Start of Dataset records

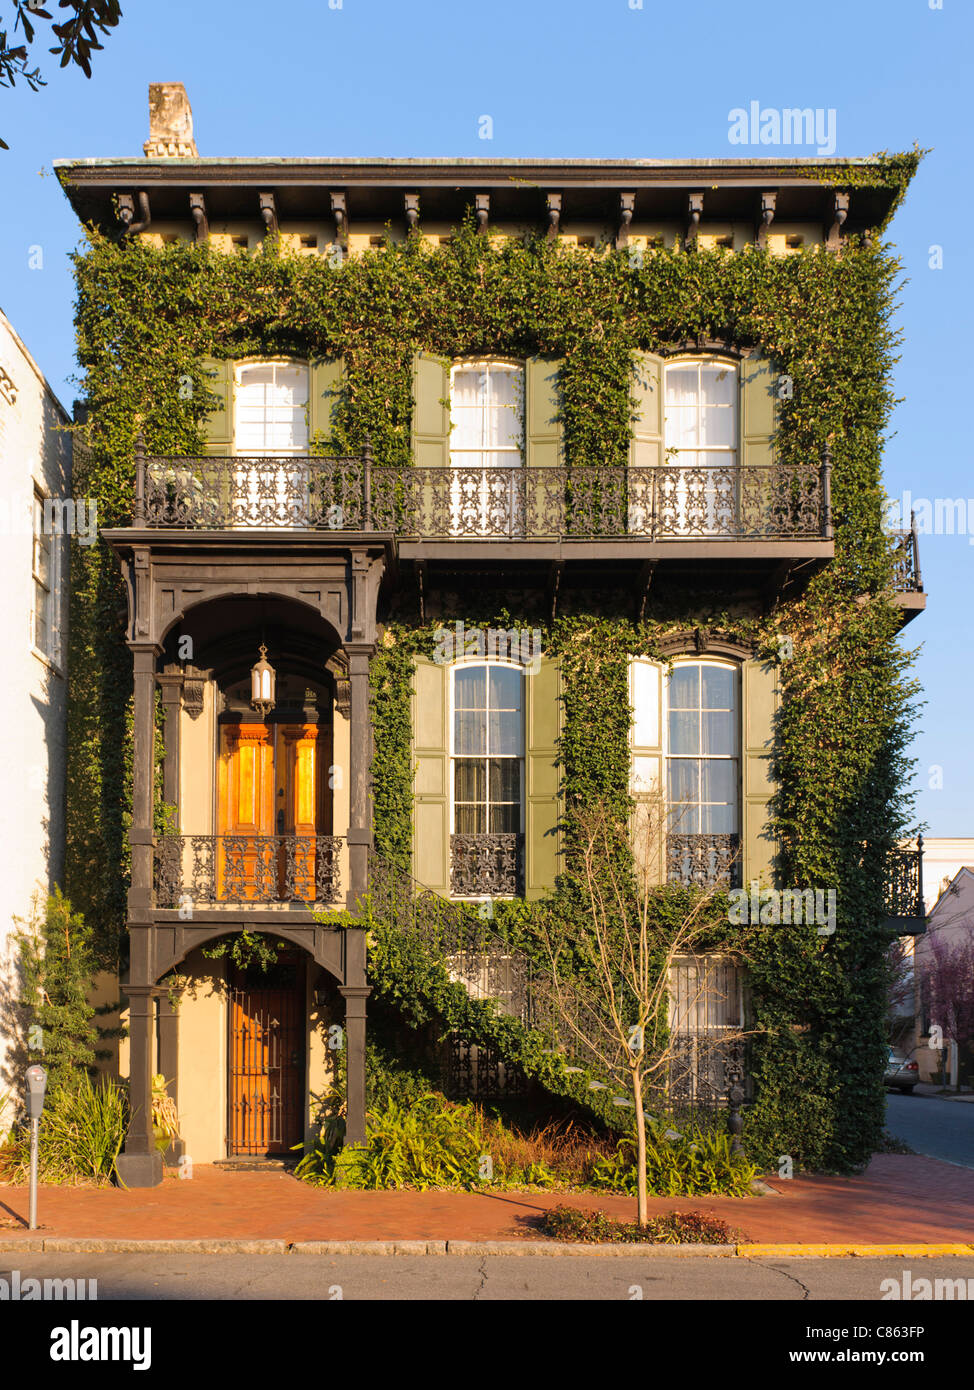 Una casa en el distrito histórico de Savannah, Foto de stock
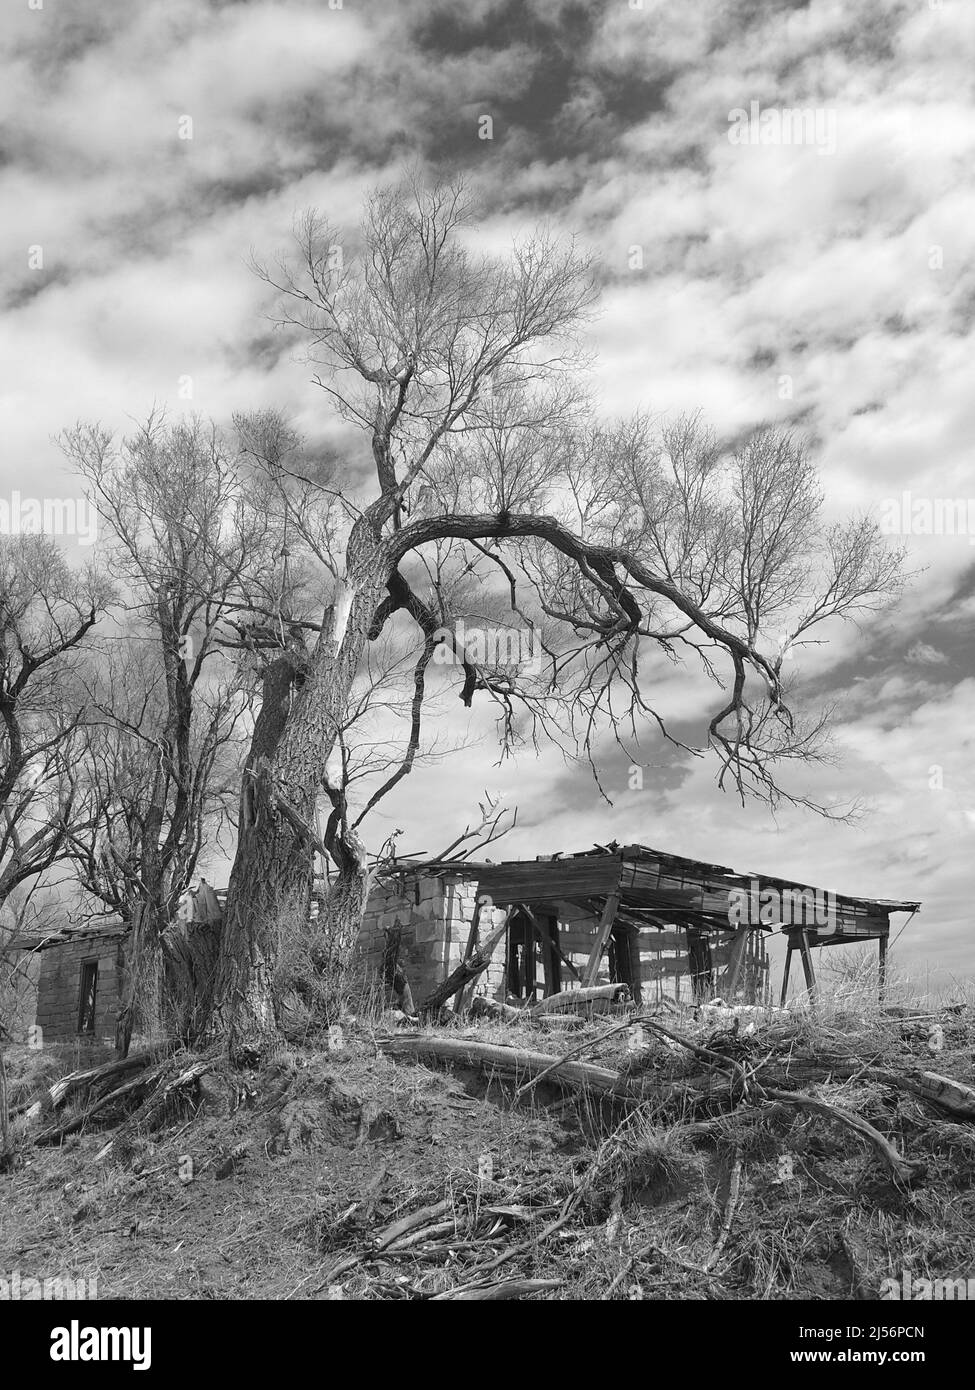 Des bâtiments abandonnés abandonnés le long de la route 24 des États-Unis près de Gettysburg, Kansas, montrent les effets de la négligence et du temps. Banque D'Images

End of Dataset records
Start of Dataset records

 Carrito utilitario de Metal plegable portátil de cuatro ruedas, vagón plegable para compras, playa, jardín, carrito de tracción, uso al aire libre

End of Dataset records
Start of Dataset records

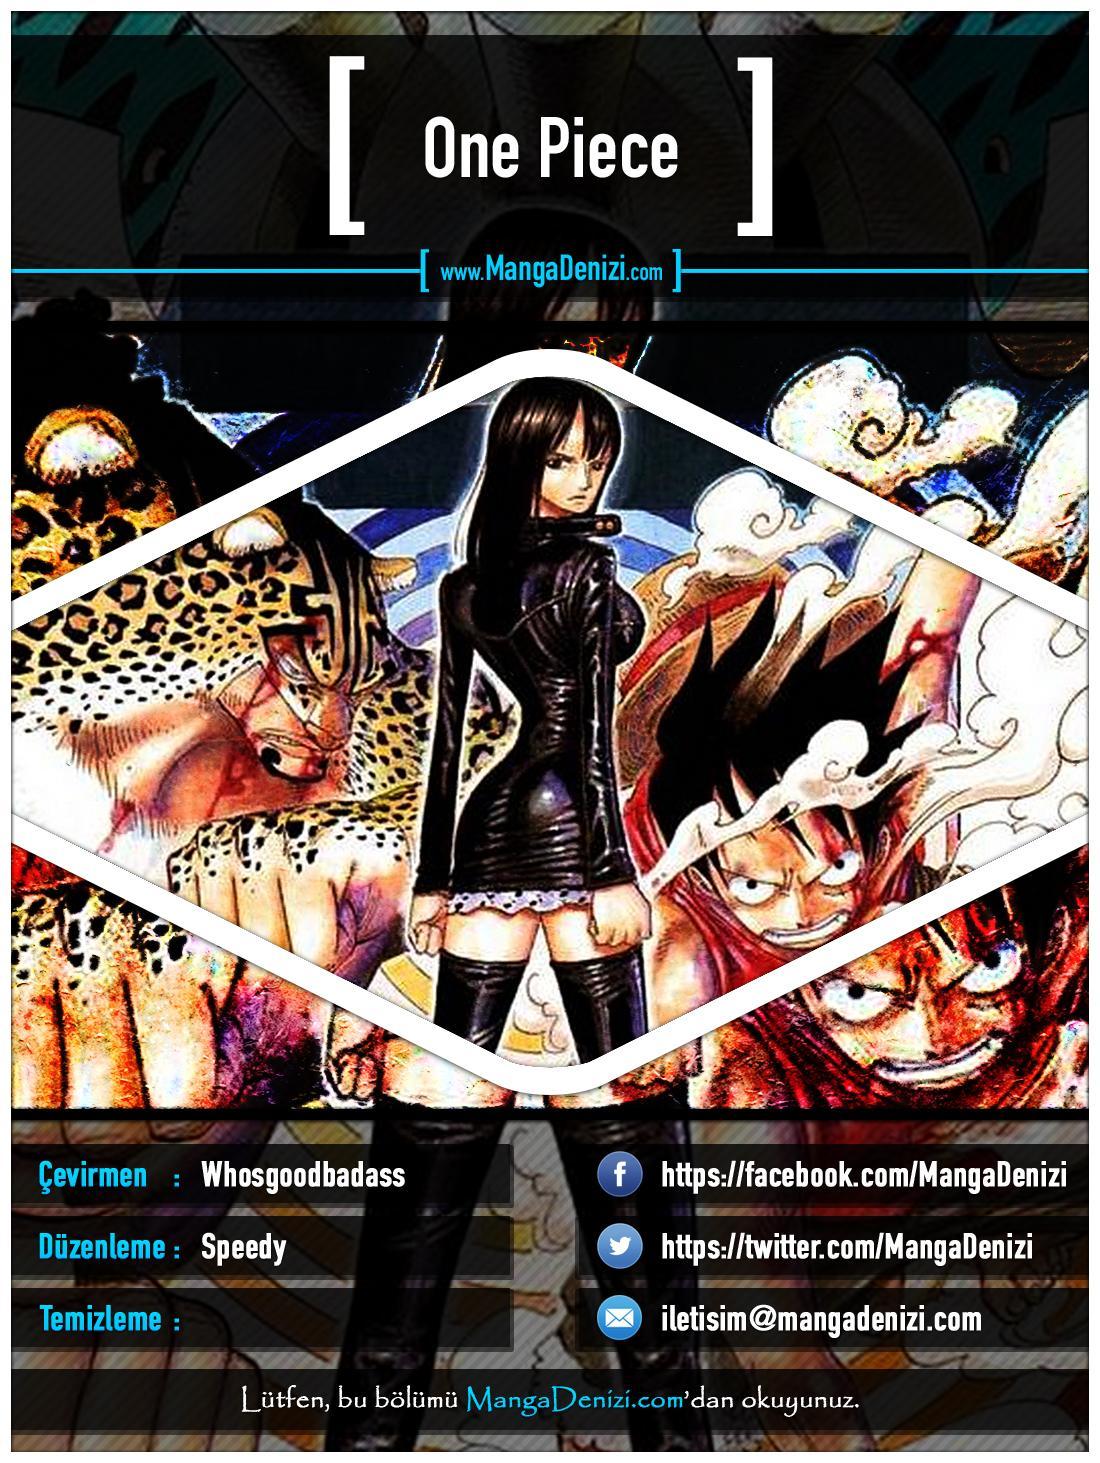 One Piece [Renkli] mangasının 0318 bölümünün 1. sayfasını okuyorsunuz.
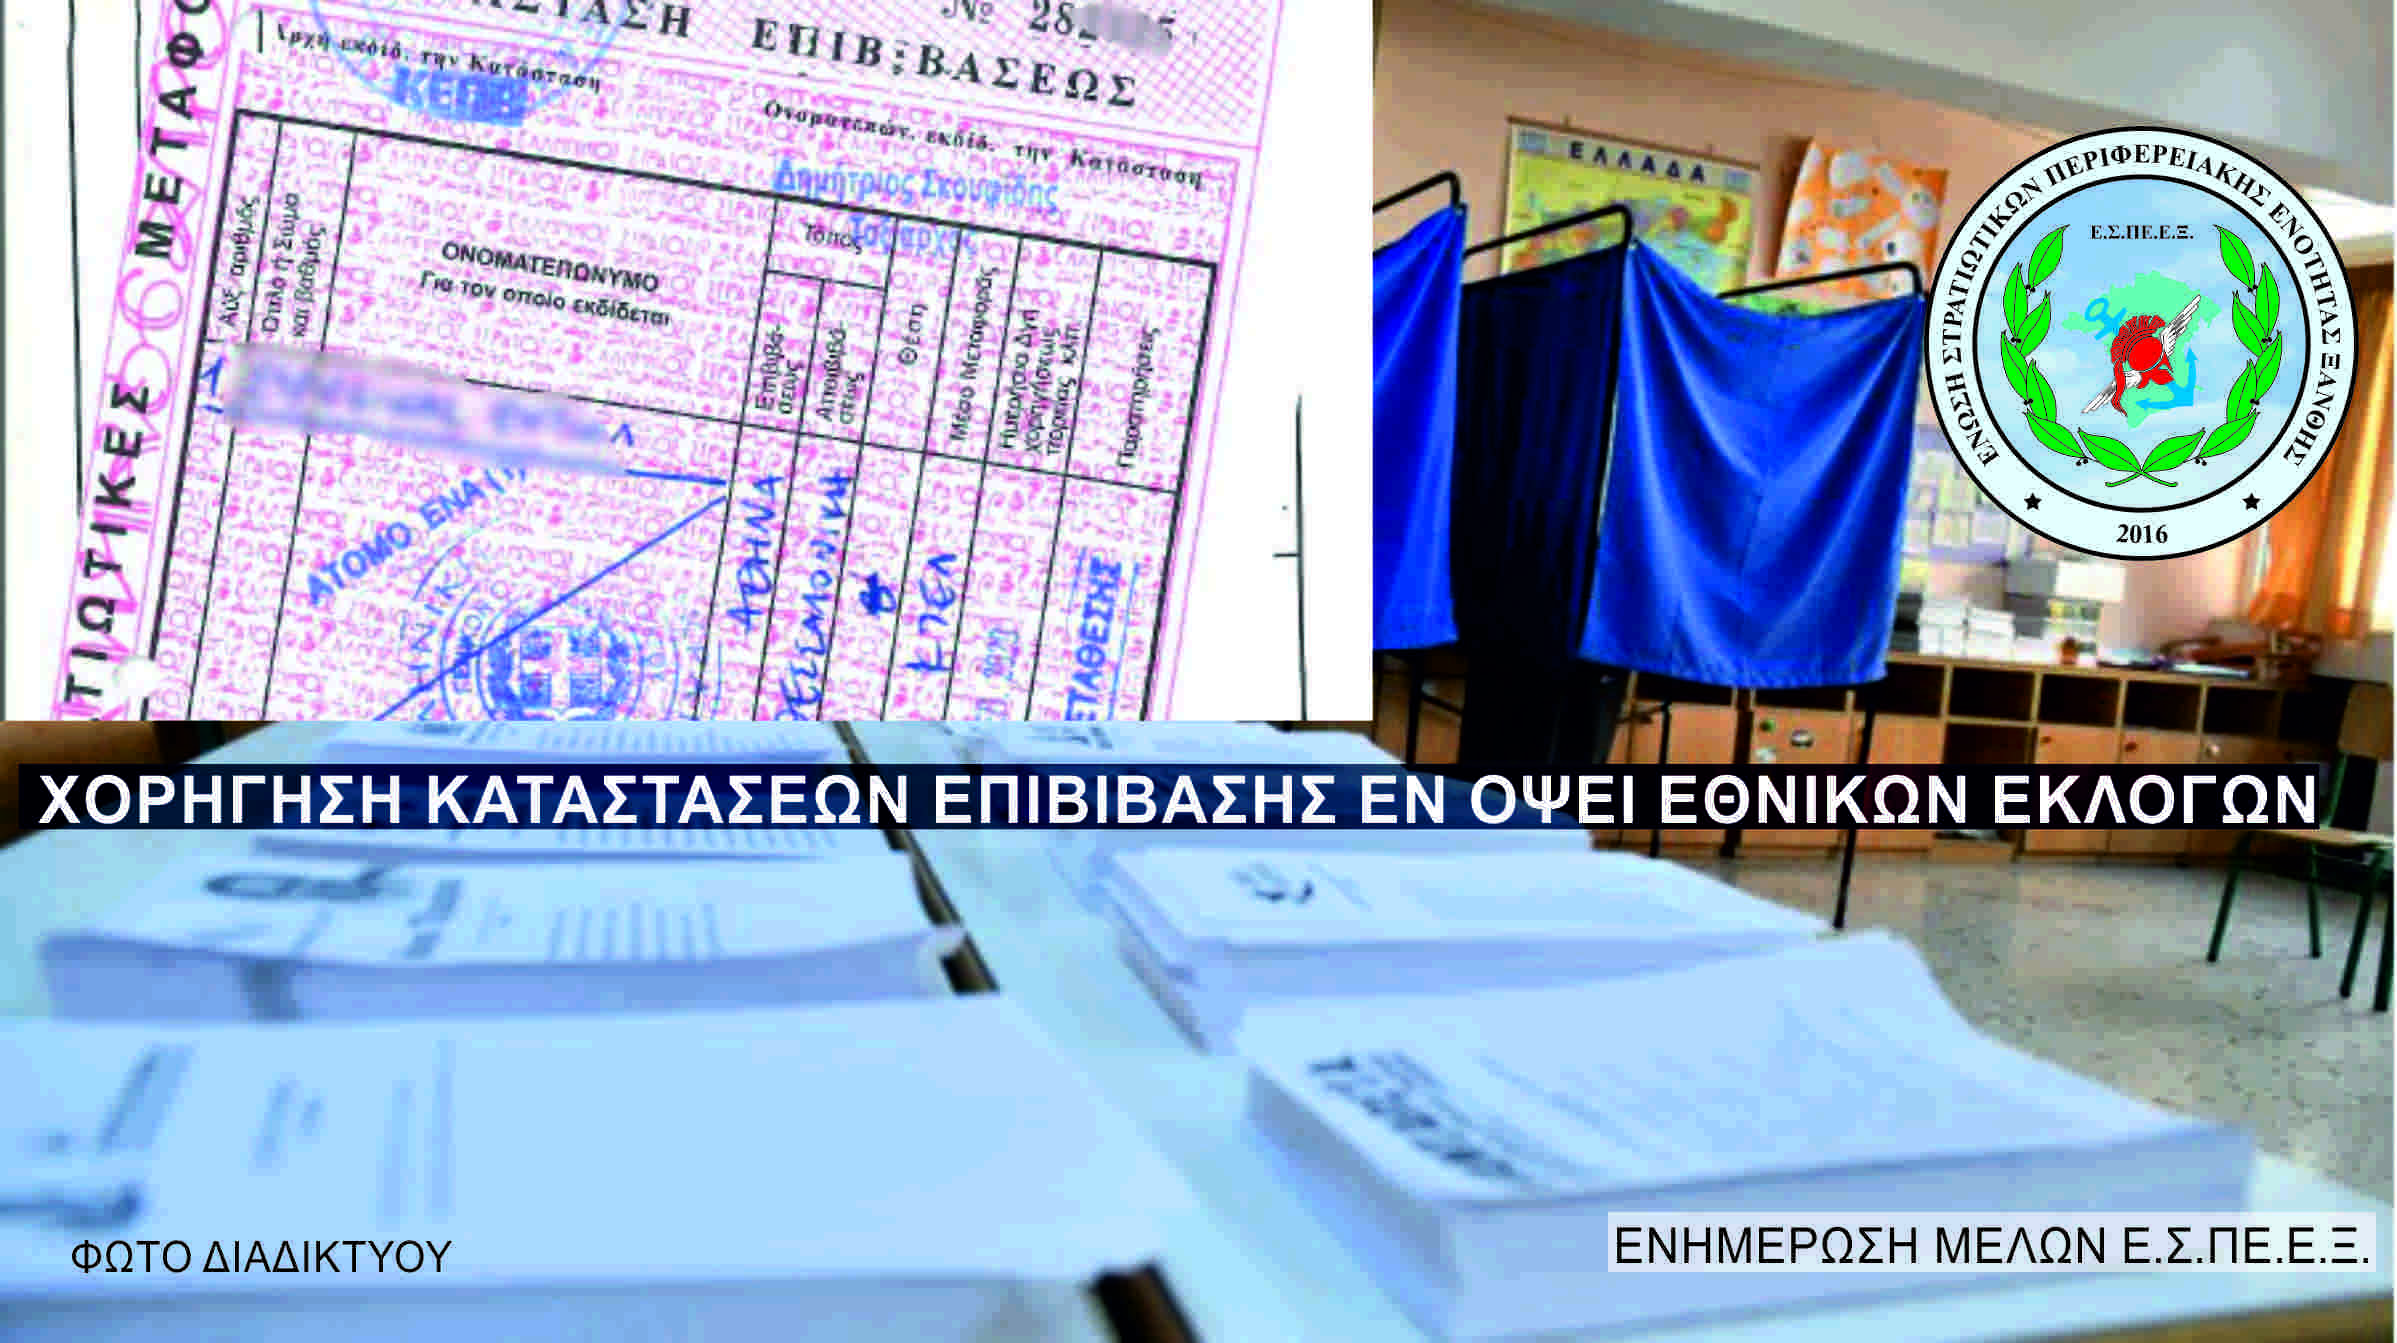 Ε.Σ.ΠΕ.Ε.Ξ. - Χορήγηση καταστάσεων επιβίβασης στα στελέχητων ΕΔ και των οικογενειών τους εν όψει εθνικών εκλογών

End of Dataset records

- Problem to solve
Write out again exactly the lines above from the one with "Una casa en" through the one with "Des bâtiments abandonnés", adding no other lines and no pictures.

- Response to the task
 Una casa en el distrito histórico de Savannah, Foto de stock
 Des bâtiments abandonnés abandonnés le long de la route 24 des États-Unis près de Gettysburg, Kansas, montrent les effets de la négligence et du temps. Banque D'Images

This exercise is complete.